**Assignment:**
Write the data out again exactly, dropping any images it holds.

**Collected data:**
=-=-=
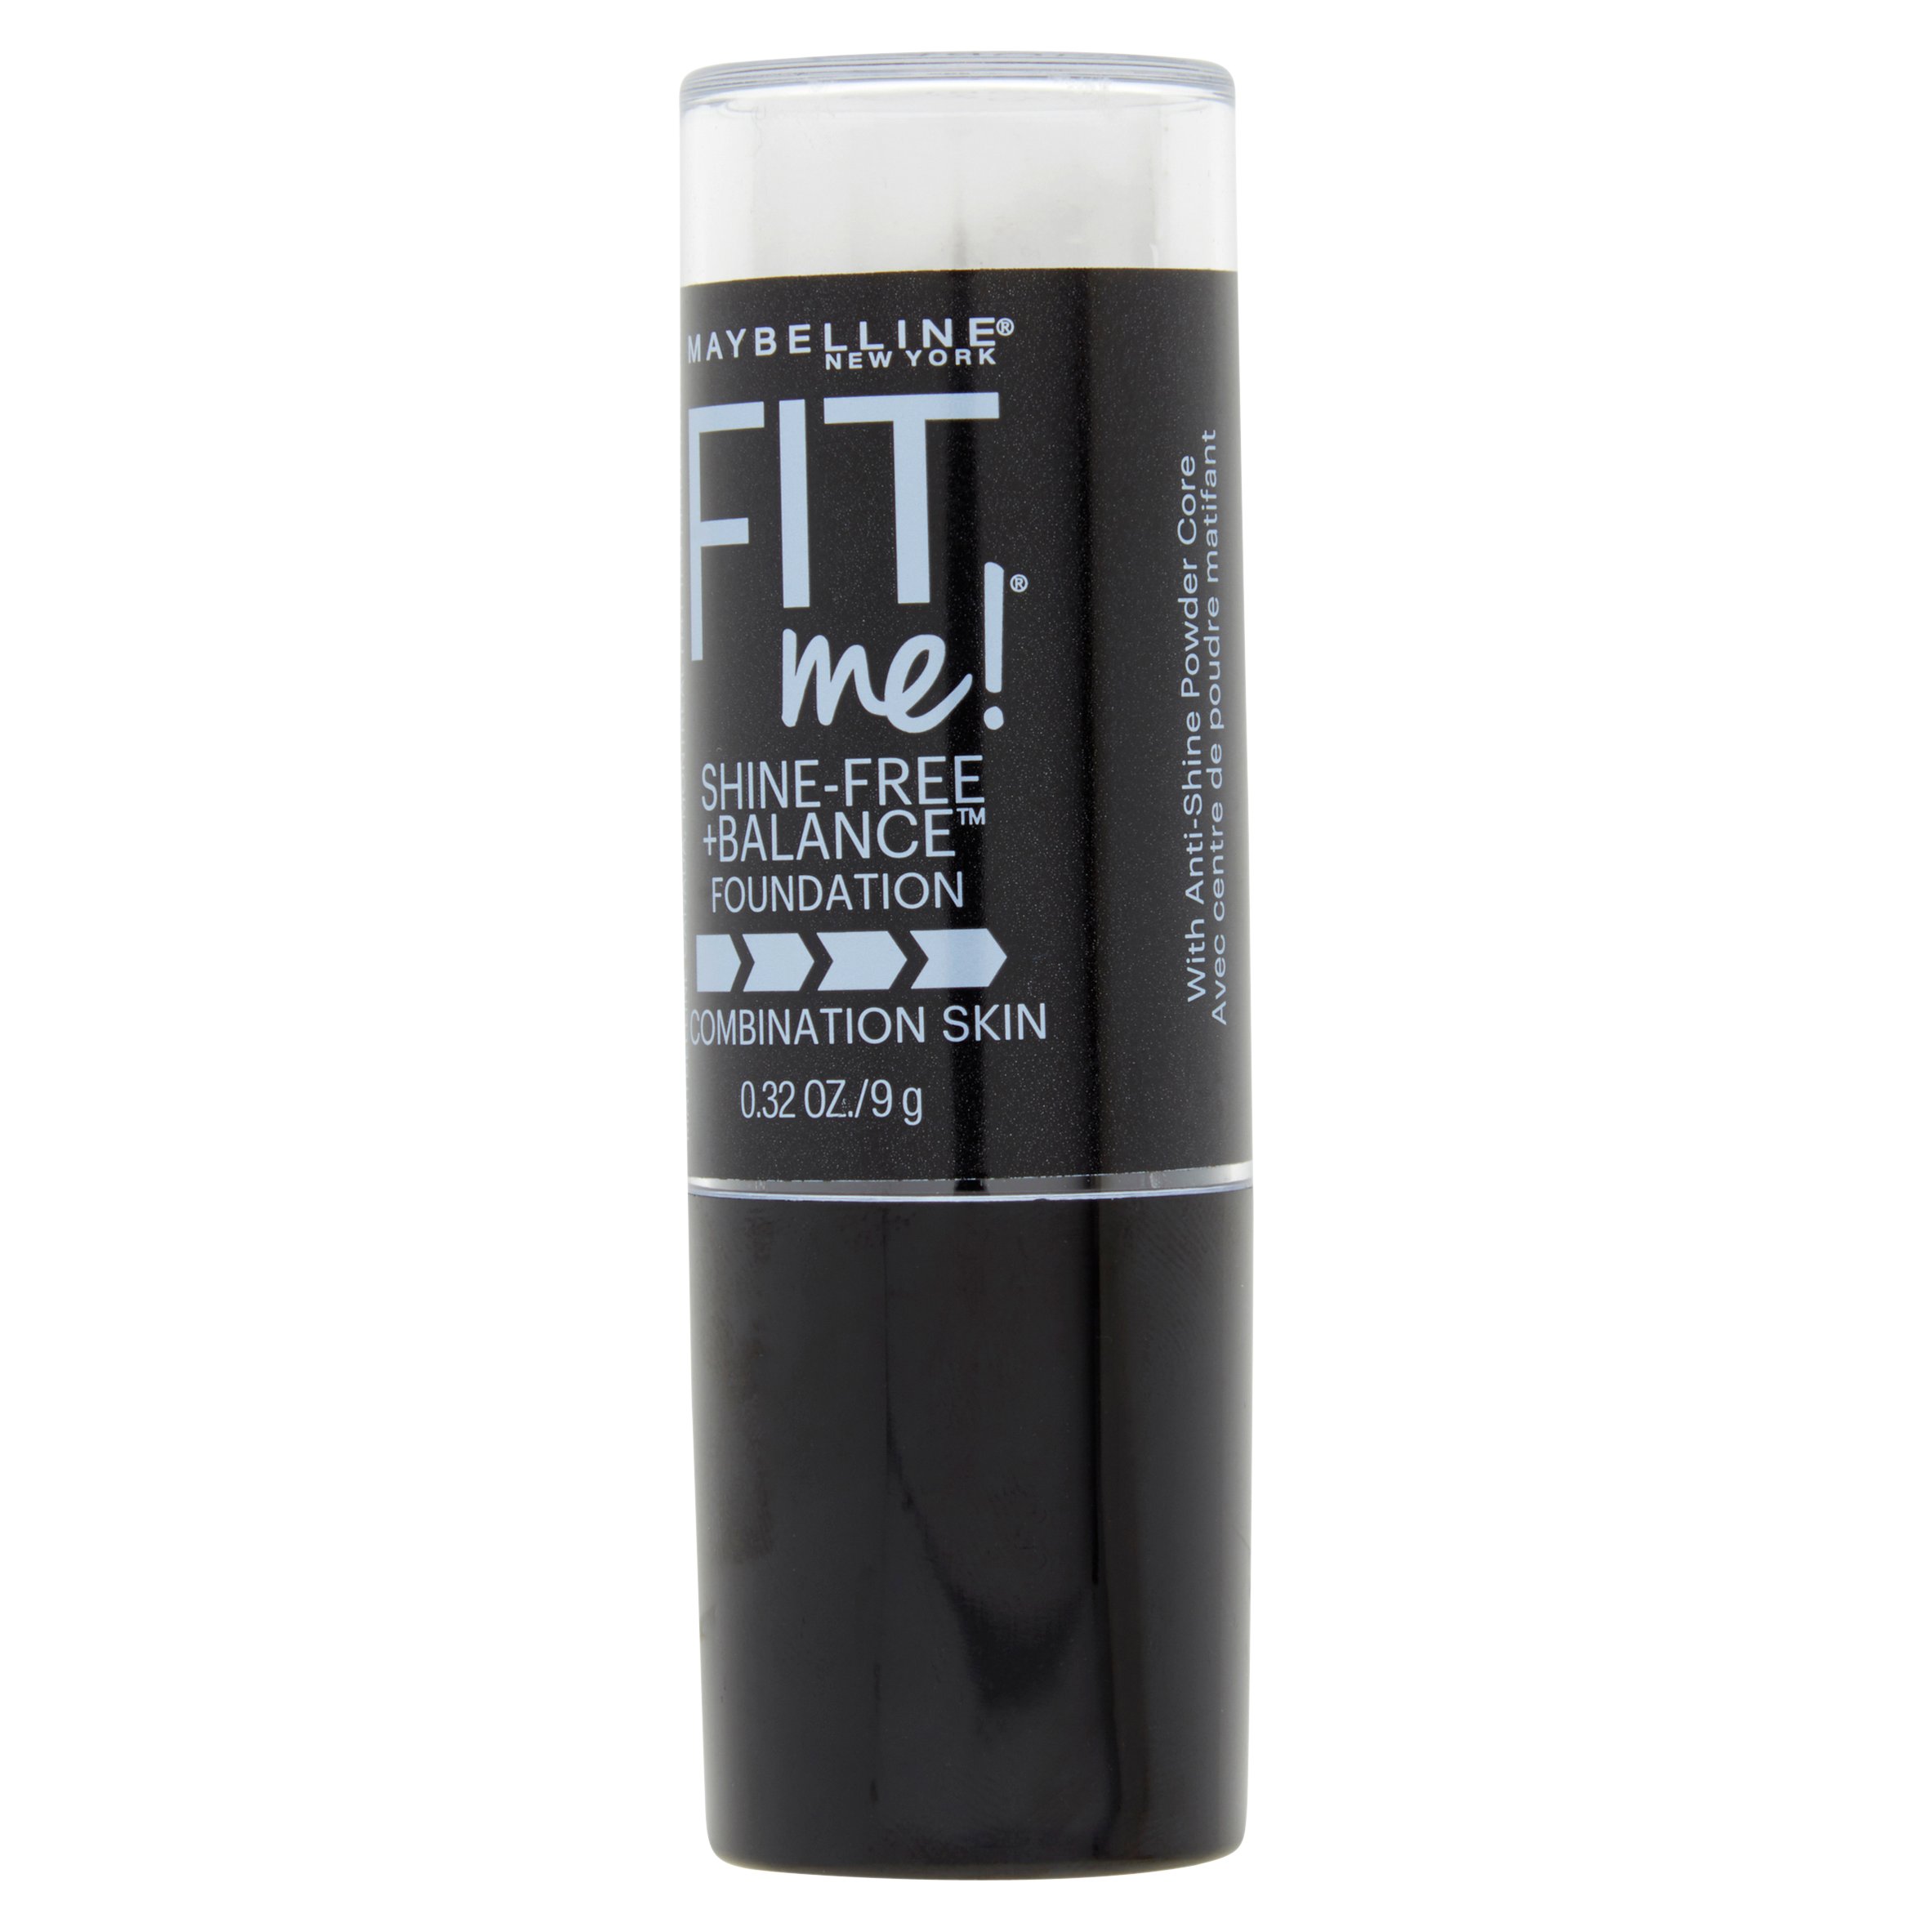 Maybelline Fit Me Shine-Free Stick Foundation Makeup, 120 Classic Ivory, 1 fl oz - image 5 of 6
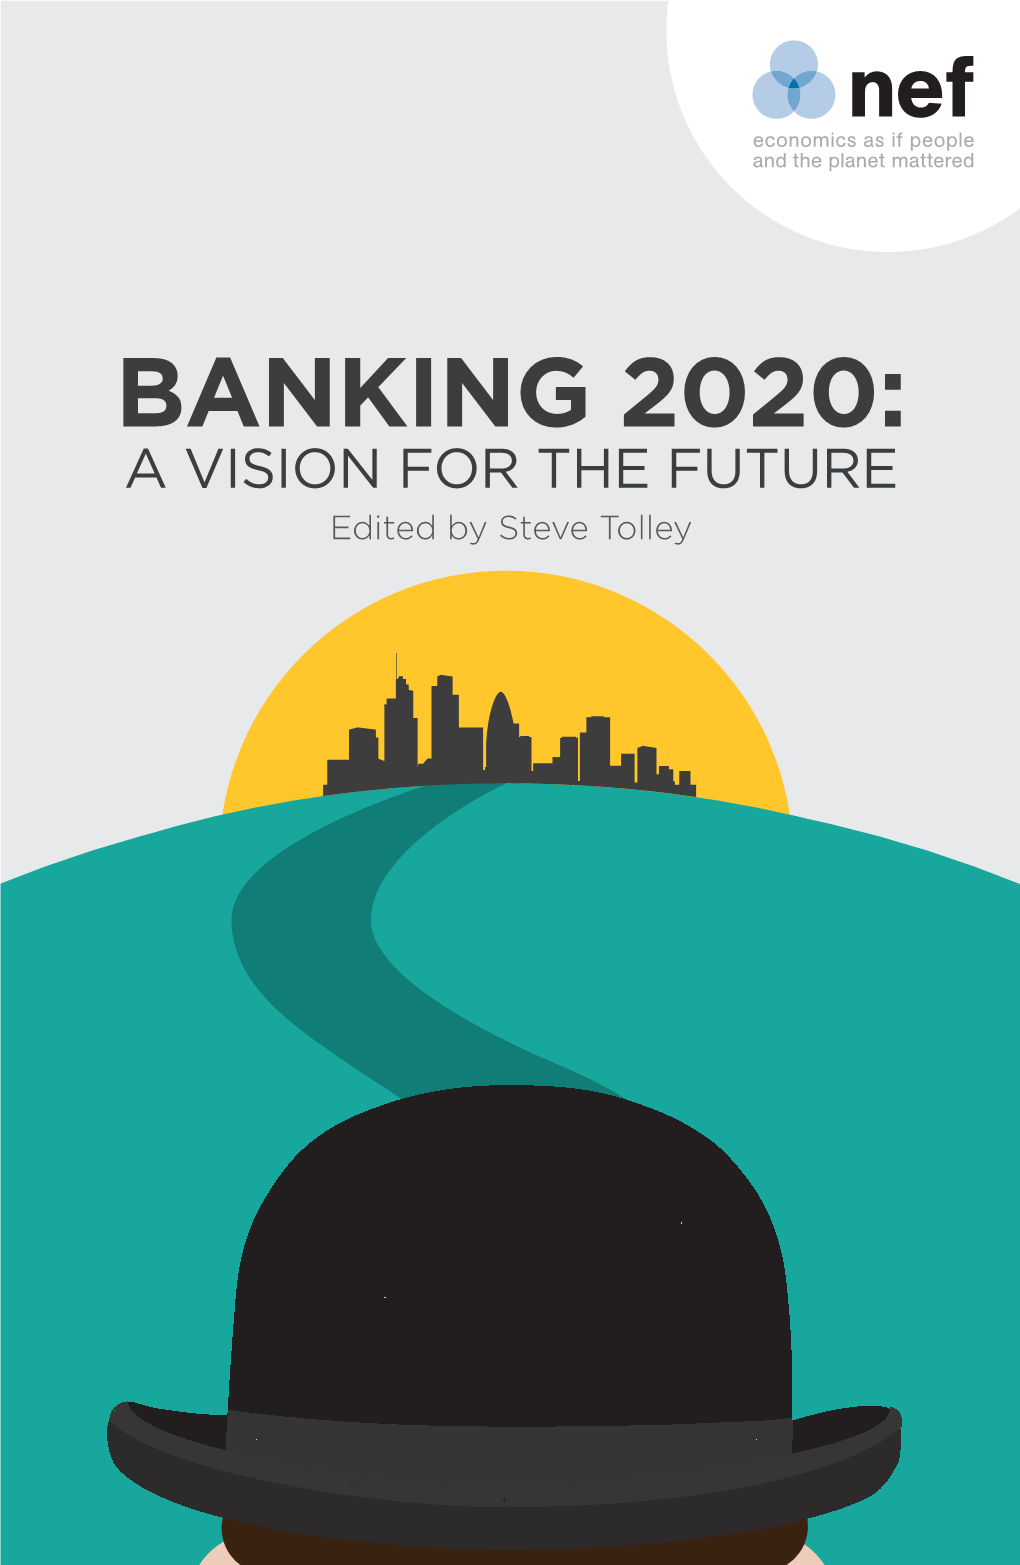 9781908506368 Banking 2020 (734H) 2.Indd Viii 14/05/2013 12:06:34 BANKING 2020: a VISION for the FUTURE
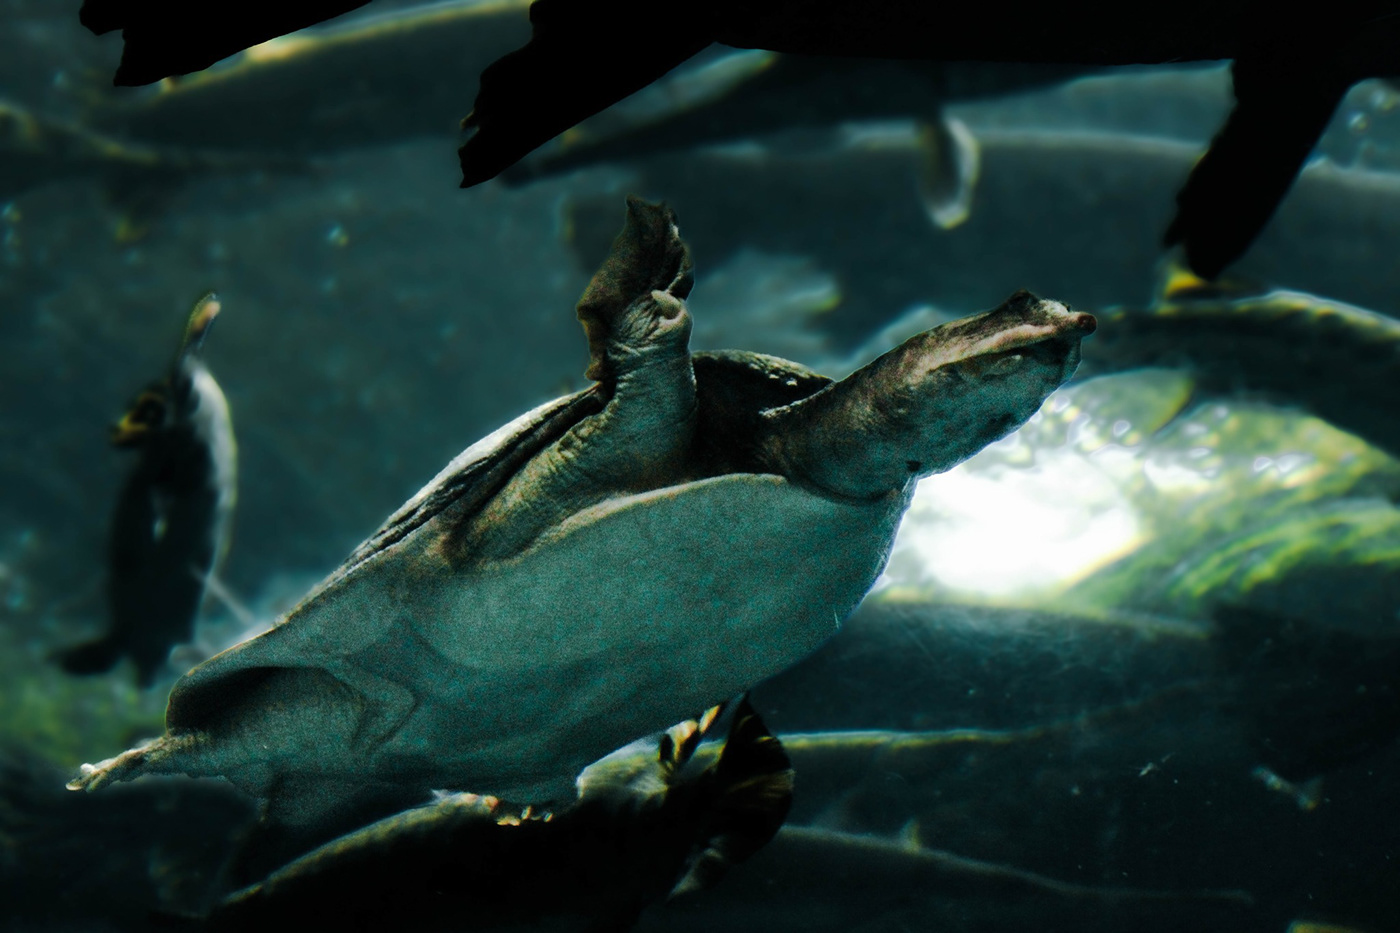 Turtle Nature nature photography Photography  Edited grunge Ocean sea UNDERWATER PHOTOGRAPHY softshell turtle
=-=-=
**Task result:**
 Maybelline Fit Me Shine-Free Stick Foundation Makeup, 120 Classic Ivory, 1 fl oz - image 5 of 6
 9781908506368 Banking 2020 (734H) 2.Indd Viii 14/05/2013 12:06:34 BANKING 2020: a VISION for the FUTURE
 Turtle Nature nature photography Photography  Edited grunge Ocean sea UNDERWATER PHOTOGRAPHY softshell turtle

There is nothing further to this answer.